SEAN Rogers and Ben Johnson join Neil Atkinson to dig deep into Jürgen Klopp’s mind on this week’s Tuesday Review as they look back at his choices for the games against Villarreal and Swansea City.
First off, it’s the question that has been top of the Liverpool FC agenda every since – why did he choose to keep Daniel Sturridge on the sidelines in Spain and start him at Swansea?
Jordon Ibe’s return from cold storage was also odd – what does that move tell us about his Liverpool future?
The panel also get into tactics – was Liverpool’s game plan right in Spain? How will it change when Villarreal come to Anfield?
Then it’s Swansea in depth; what went wrong and why.
The Tuesday Review is a considered in-depth discussion of Liverpool’s last match introducing talk around tactics and selection. It’s just one of a string of shows on TAW Player, our subscription podcast service that offers more than 30 shows about Liverpool FC every month. Find out more here.
Here’s a free clip of the latest Tuesday Review where Neil, Sean and Ben discuss how the Red’s can overcome Villarreal on Thursday night.
Great show as usual.
I do think there is a different aspect the Daniel Sturridge saga that is being missed. The guys talked about Klopp wanting to keep DS as one of our 4 front-line strikers for 2016-17, and as much as Klopp clearly has his doubts about DS I think that’s probably correct. But what about what DS himself wants?
Thing is, this third-way, ‘use him as an impact sub after 60’ lark – whatever the merits of it (and I think they are hugely overstated) – is not something DS is going to swallow. 43 league goals in 67 games is supposed to earn you more than a place on the bench, so all this ‘should he start / should he come on?’ will soon be moot; he simply won’t be here if it’s the latter. He’s too good to warm any bench and there are clubs currently better than us who would guarantee him first-choice status if he joined them.
Now, if Klopp has been given medical advice that tells him DS is unusually fragile then I can understand wanting to get rid of him however well he might be playing when fit. A player who cannot be relied upon to play more than half a season is not much use to anyone. That still doesn’t explain why when he is fit Klopp isn’t playing him, unless the plan is to wait until the transfer window opens and he can bin him off. As Sean said in the pod, Klopp may well have his own tactical reasons for keeping Sturrdige back in some of the biggest games of the season, but that takes me back to my original point which is that DS has no interest in playing that role at LFC and, to be fair, if I had his goal-scoring record I don’t think I would, either.
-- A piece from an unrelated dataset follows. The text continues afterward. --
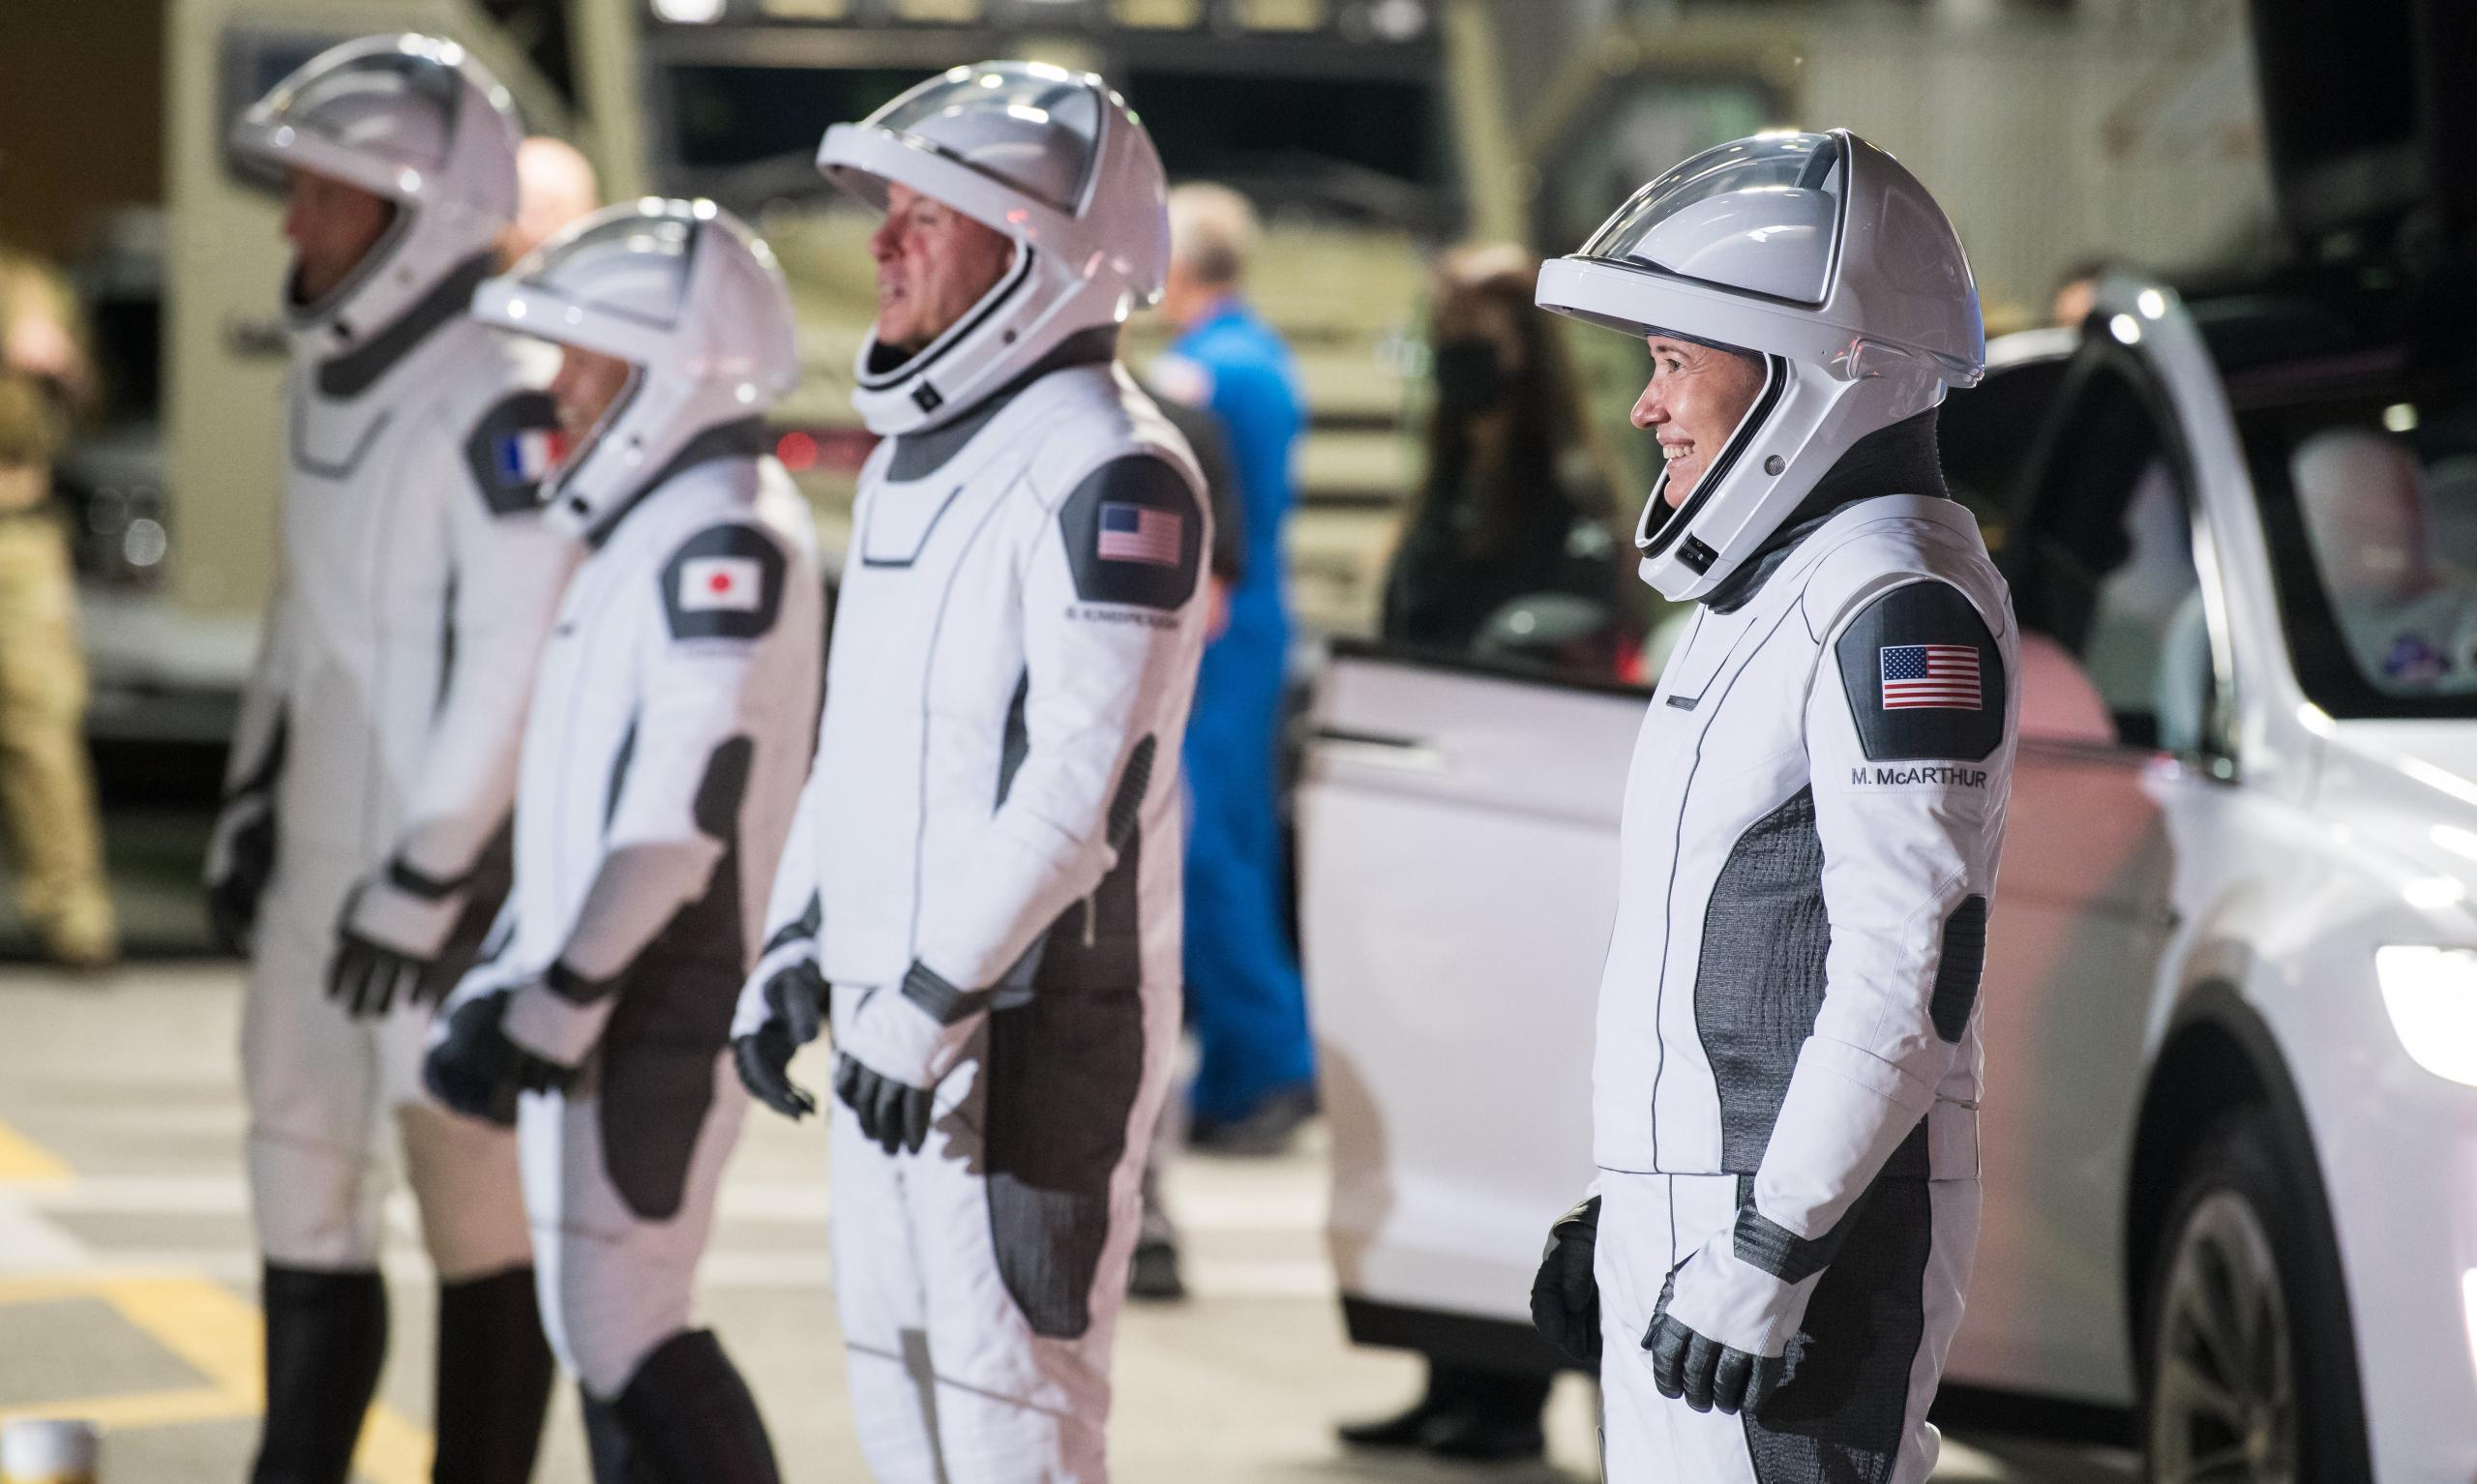 Crew-2 Crew Dragon C206 Falcon 9 B1061 39A 041821 (NASA) dry dress 1 crop (c)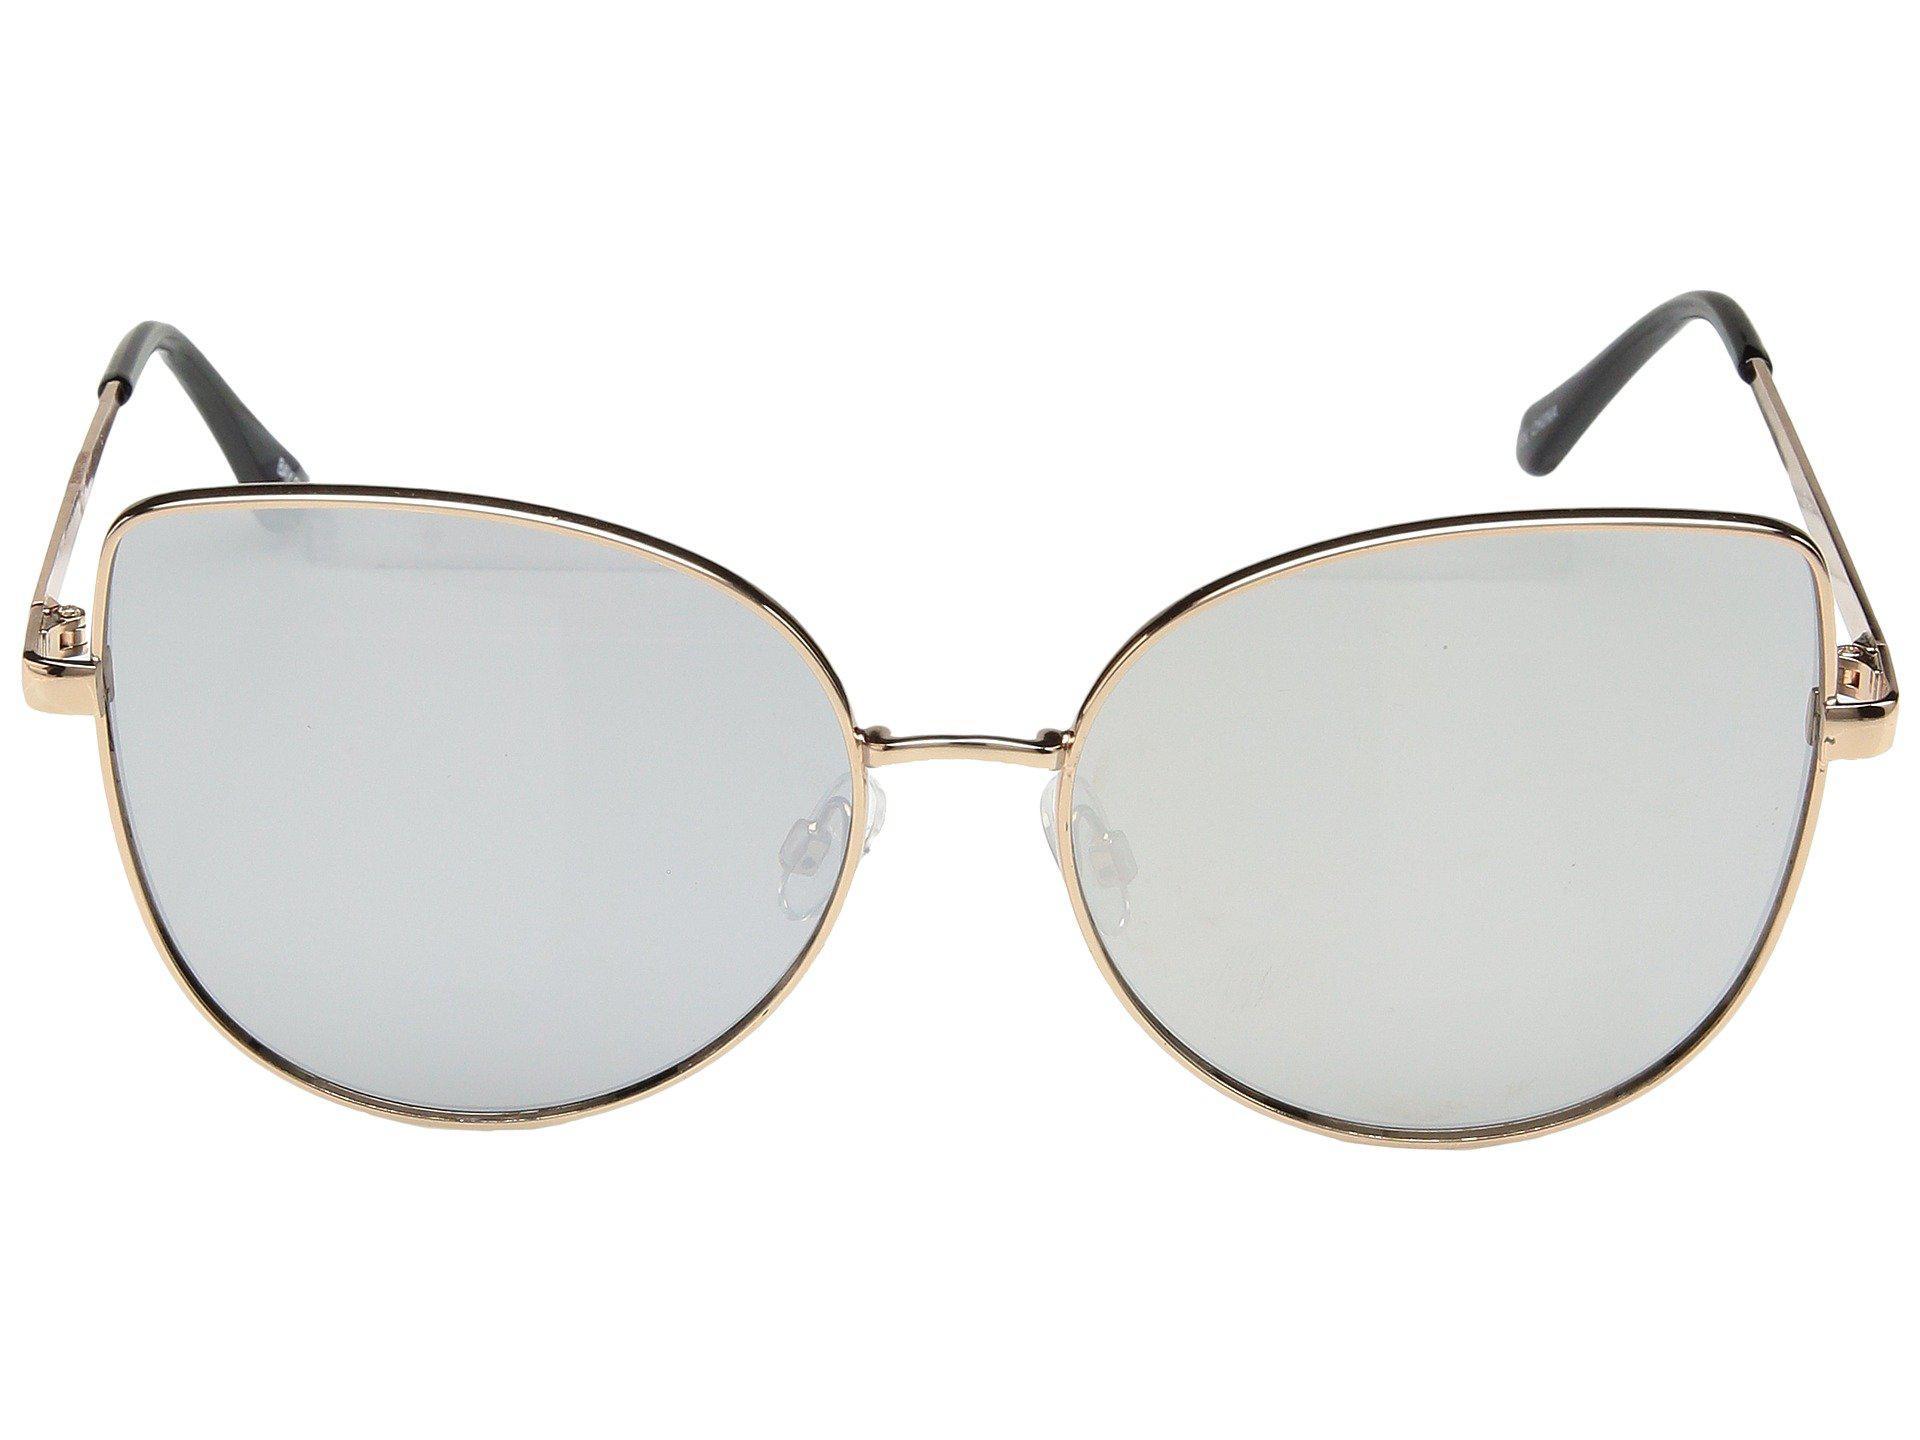 San diego hat company Metal Frame Cat Eyes Sunglasses in Metallic   Lyst

Now, I doubt I’ve worked something out that Klopp hasn’t, so unless he and DS have had a chat about the way the remainder of this season would work out and agreed different plans for next season, I can only surmise that Klopp would be happy for Sturridge to leave in the summer. We know he’s not a big fan of two up top (which suits DS best) and doesn’t really fancy DS as his one, so his current treatment of the player hints at a plan to replace him. Nothing else makes sense as DS will not tolerate being the striker who comes on at 60 to change things.
Klopp has the reputation he does because he is very, very good at his job, but none of that is ever going to convince me that selling DS is the right thing to do (absent the adverse medical prognosis mentioned earlier). DS is a world-class striker with a hit-rate that rivals the very best in the EPL, and is a scorer of every type of goal. You do not replace that sort of talent easily, and certainly not cheaply.
Of course, Klopp may have Gotze, Reus and Hummels lined up in which case forget all the above. The fact remains that selling Sturridge’s goals when you have a team core that sees an underwhelming goal return from midfield is a massive, massive gamble. Even proven goal-scorers can take time to adjust to a new club, so if DS leaves and goes on to great things while we languish, that Klopp reputation is going to take a bit of a battering, and (to my mind mind at least) a totally avoidable one one at that.